## Task statement
Would you copy exactly the lines in the data below from the one that has "Food Ideas For A Graduation Party" through the one that has "Domestic Congrats grad", dropping any pictures?

(Available records)

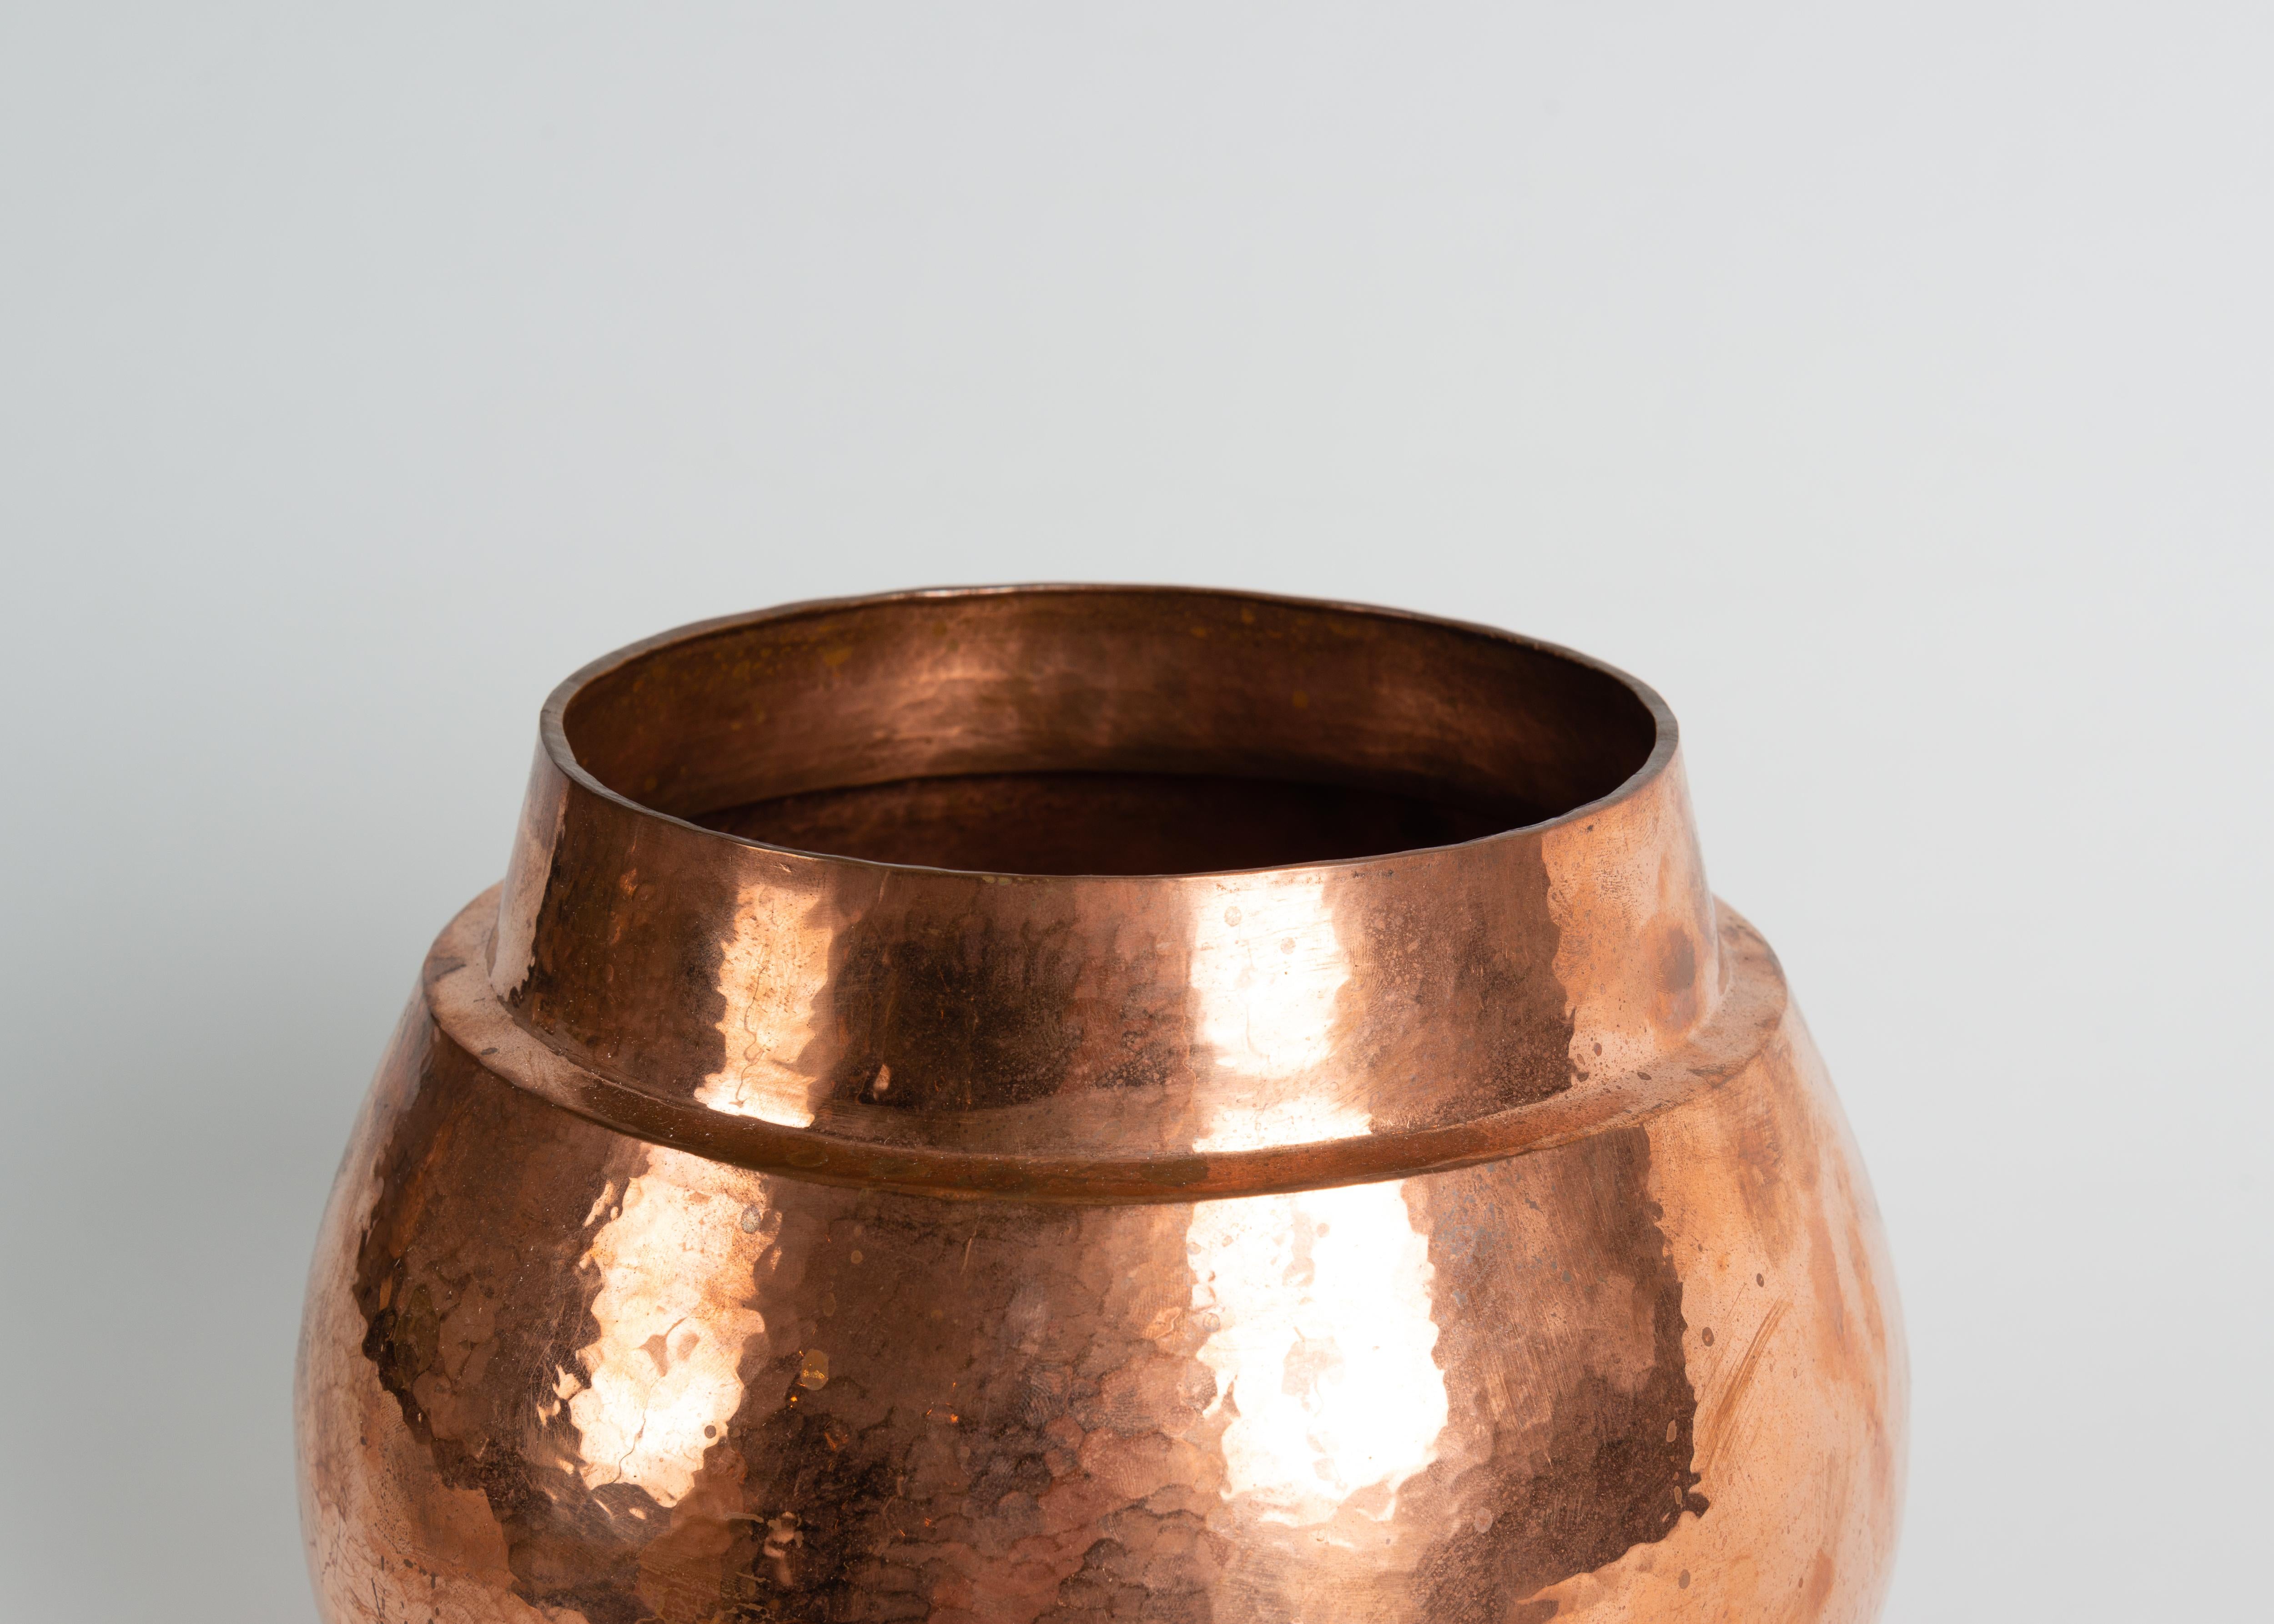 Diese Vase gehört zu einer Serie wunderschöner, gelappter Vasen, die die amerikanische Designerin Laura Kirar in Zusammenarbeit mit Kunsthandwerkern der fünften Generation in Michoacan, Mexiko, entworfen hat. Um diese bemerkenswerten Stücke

(End Available records)
(Available records)

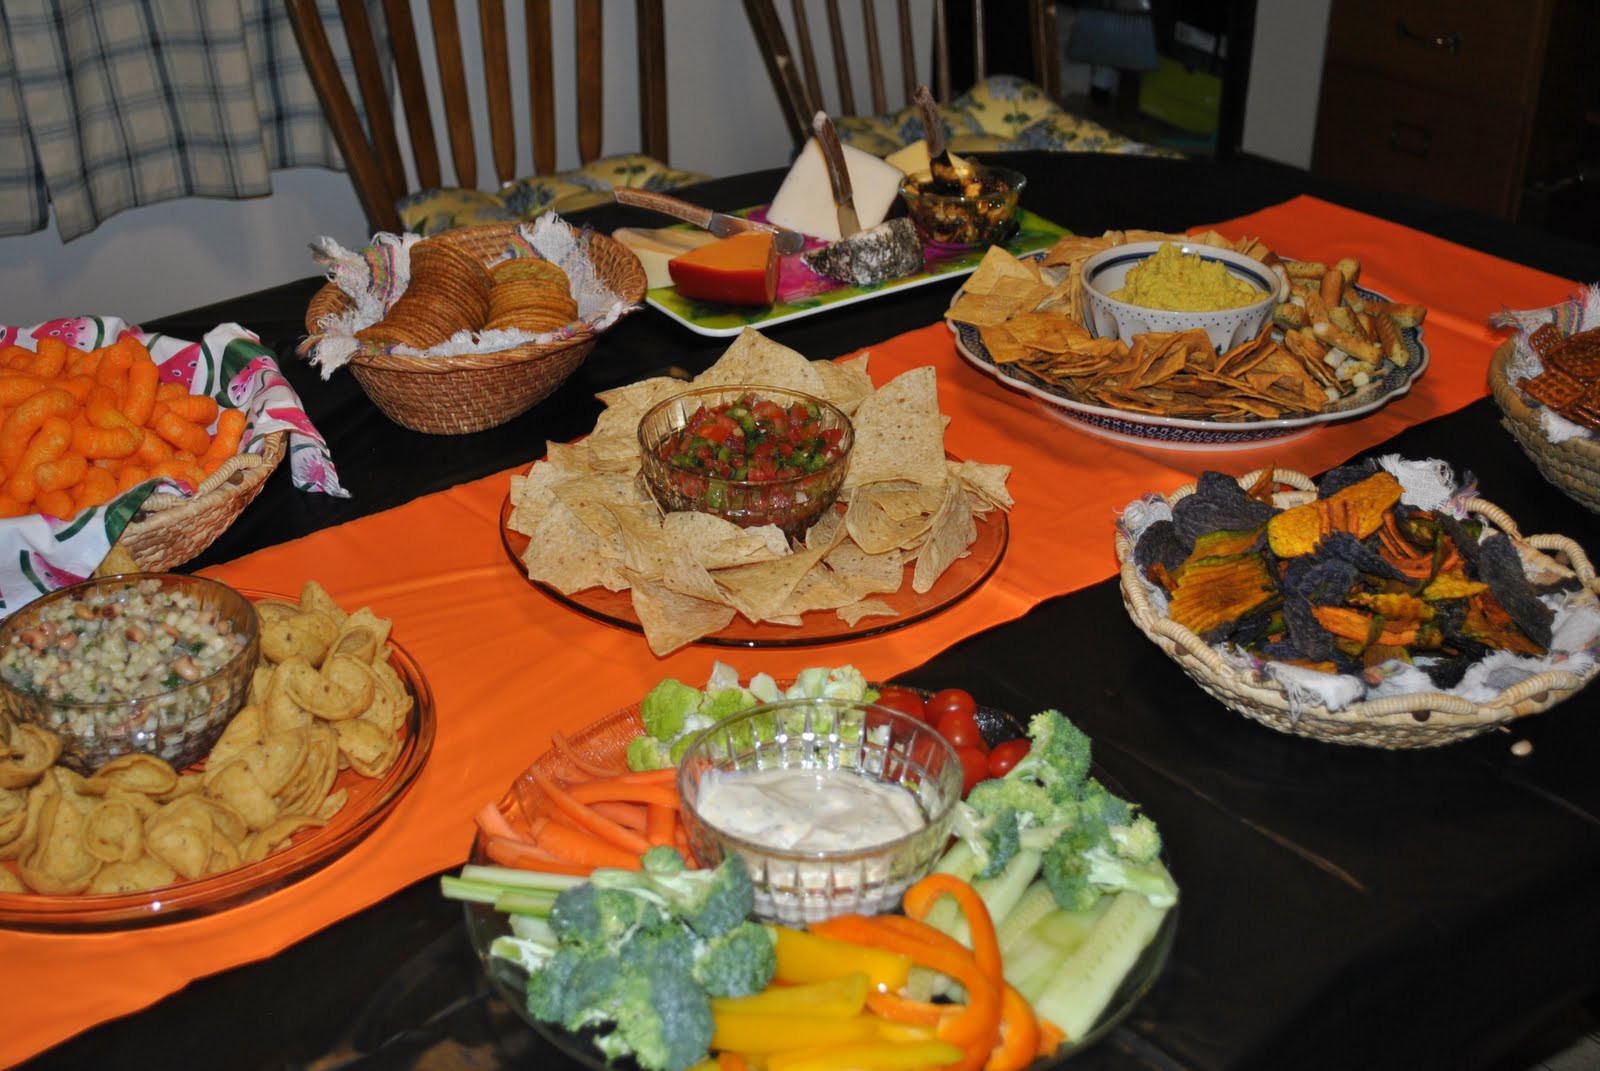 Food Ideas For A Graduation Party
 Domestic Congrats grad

(End Available records)
(Available records)

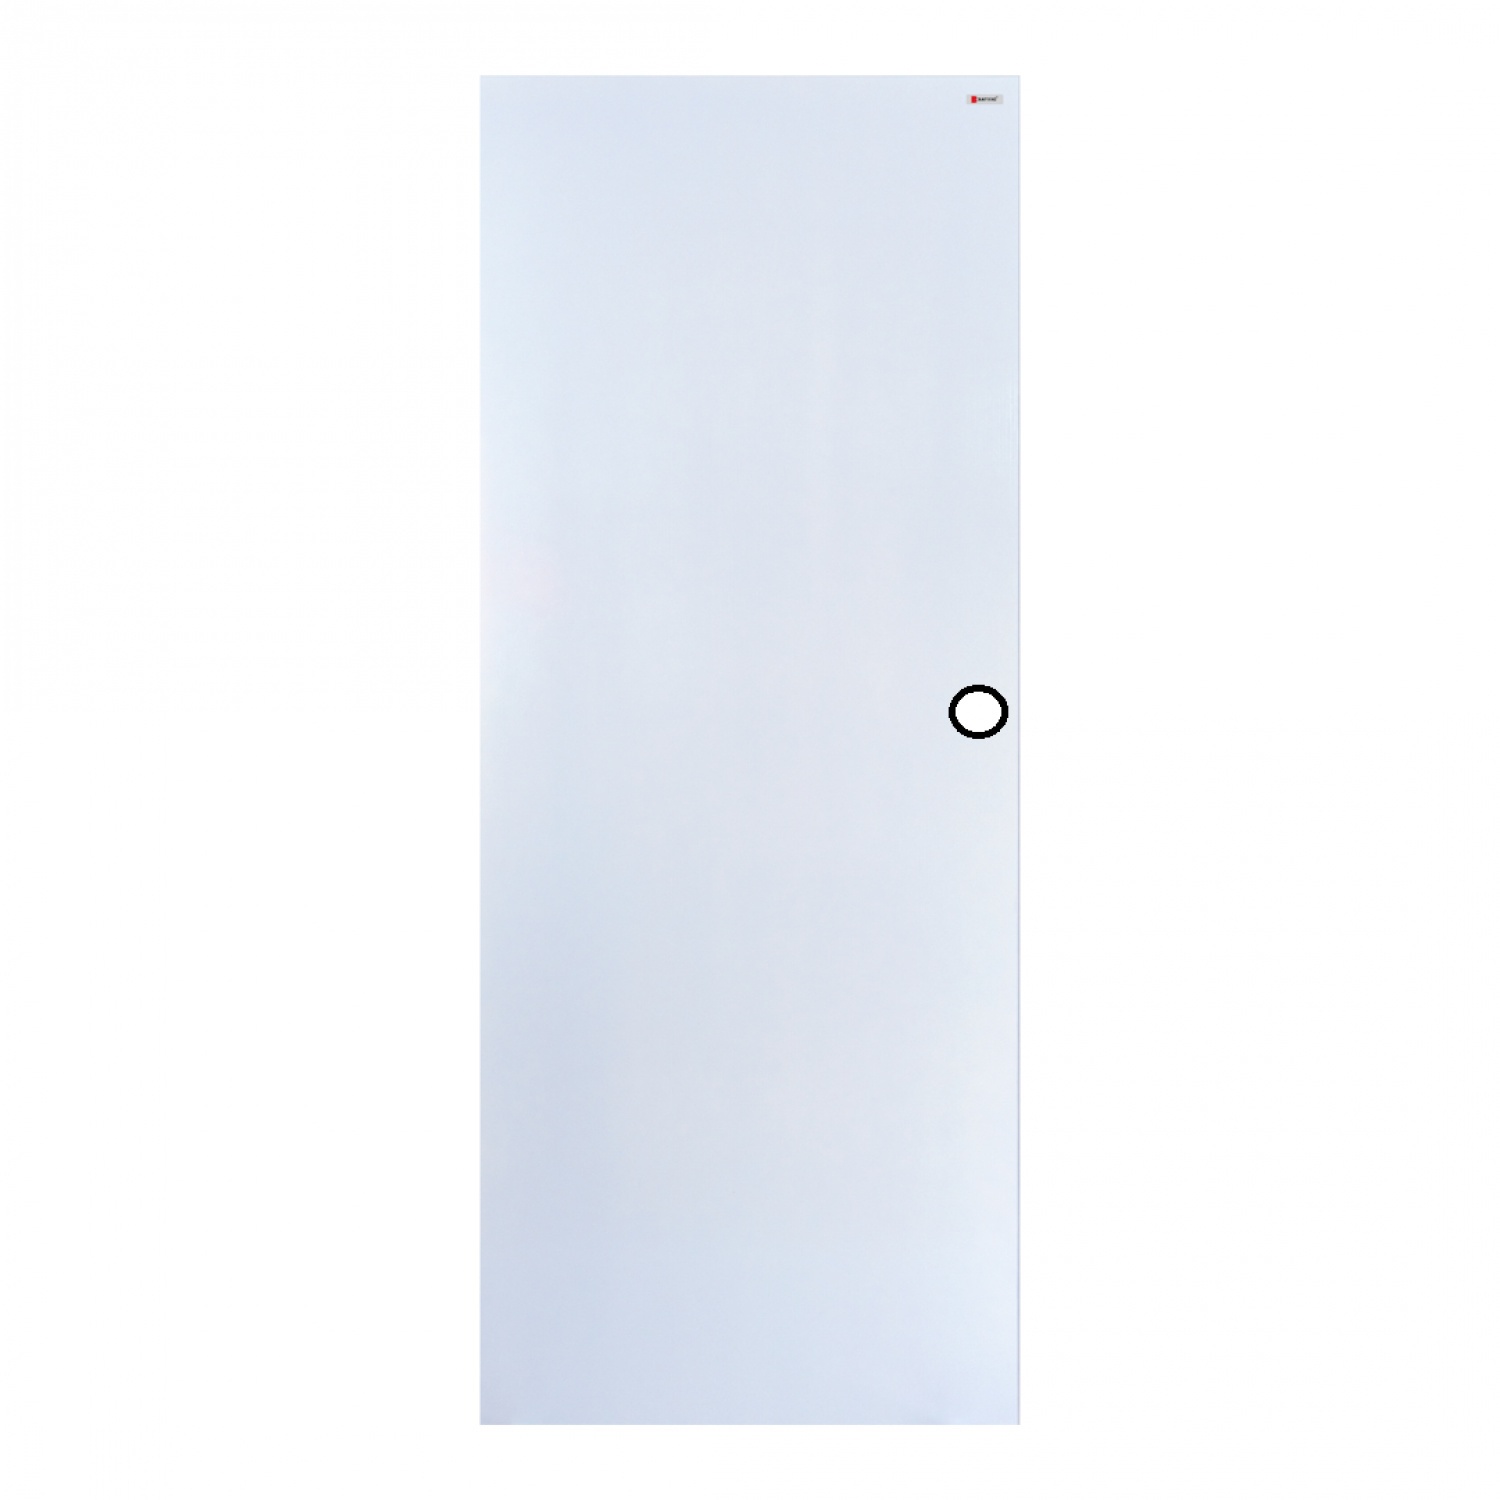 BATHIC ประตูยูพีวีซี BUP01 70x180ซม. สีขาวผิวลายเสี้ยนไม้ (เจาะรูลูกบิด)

(End Available records)

## Solution
 Food Ideas For A Graduation Party
 Domestic Congrats grad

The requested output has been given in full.